Explore this issue:July 2011
Minneapolis, Minn.—For patients undergoing surgery, identification of known or suspected obstructive sleep apnea (OSA) is critical to avoid or minimize surgical complications that are increased in these patients, experts said here last month at SLEEP 2011, the 25th Annual Meeting of the Associated Professional Sleep Societies.
Tracey Stierer, MD, medical director at the Johns Hopkins Medicine Outpatient Center, director of the division of ambulatory anesthesia and assistant professor of anesthesiology and critical care medicine at Johns Hopkins University in Baltimore, discussed the importance of screening surgical patients for OSA. She used the 2006 practice guidelines by the American Society of Anesthesiologists (ASA) as the template for her talk (Anesthesiology. 2006;104(5):1081-1093). Although the guidelines are not evidence-based, she said they provide a starting point to draw attention to the need to screen surgical patients for OSA and may provide some help on specific issues.
Among these issues is a way to score the severity of OSA to determine the risk of increased postoperative morbidity and mortality, along with the appropriate post-care location. The guidelines, for example, strongly recommend against sending to an unmonitored environment any patient who has had airway surgery, has a history of OSA or is suspected to have OSA.
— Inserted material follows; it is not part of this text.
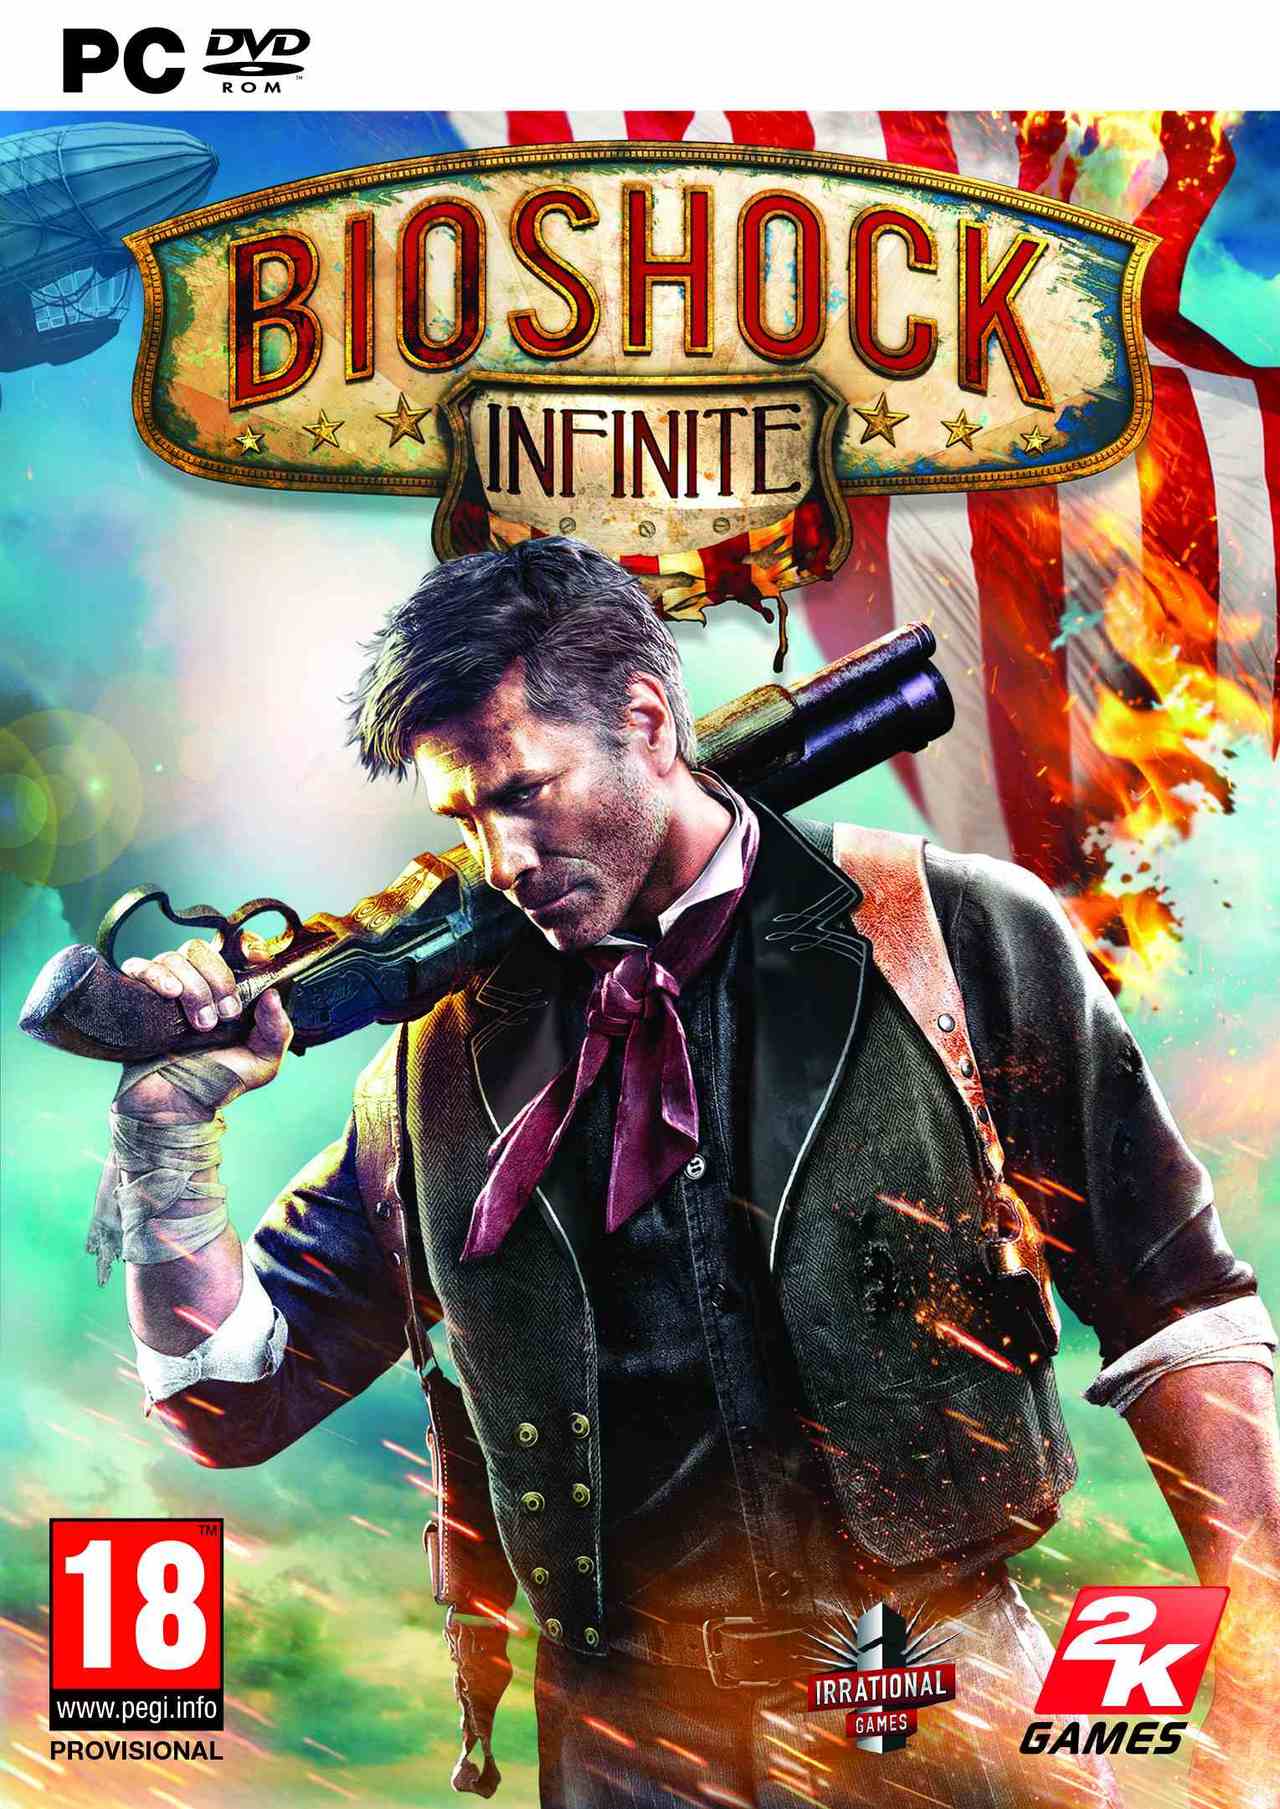 Game Việt Hoá] Bioshock Infinite: Kế hoạch Icarus - 3DVD - Có bản Việt Hóa  - Game pc Việt Hóa | Hình 3

In patients with known or suspected OSA, Dr. Stierer recommended that surgery be scheduled early in the day to allow for ample postoperative observation time. She also emphasized the importance of communication between the anesthesia and surgical teams to determine the approach to airway management and postoperative disposition. “Specifically, those patients with other co-morbidities such as overlap syndrome, pulmonary hypertension or compensated heart failure might be better served in an inpatient venue as opposed to an ambulatory surgical center,” she said.
Dr. Stierer also discussed an algorithm that has been used by Johns Hopkins Hospital in Baltimore, Md., for the past 15 years to determine postoperative care for OSA patients. Dr. Stierer, for example, has her patients who have previously been treated with continuous positive airway pressure (CPAP) bring their CPAP devices to the hospital on the day of surgery so they can use the devices postoperatively. For patients unable to use CPAP on the first night because of the nature of the surgical procedure, she urged high-level postoperative observation in an intensive care setting.
Another issue, is the need to maintain a high level of vigilance for obstruction in the immediate postoperative period. If a patient has been prescribed an oral narcotic to use at home after surgery, she said, Johns Hopkins physicians typically administer the first dose before discharge so they can observe the patient and determine fitness for discharge to home or an unmonitored environment.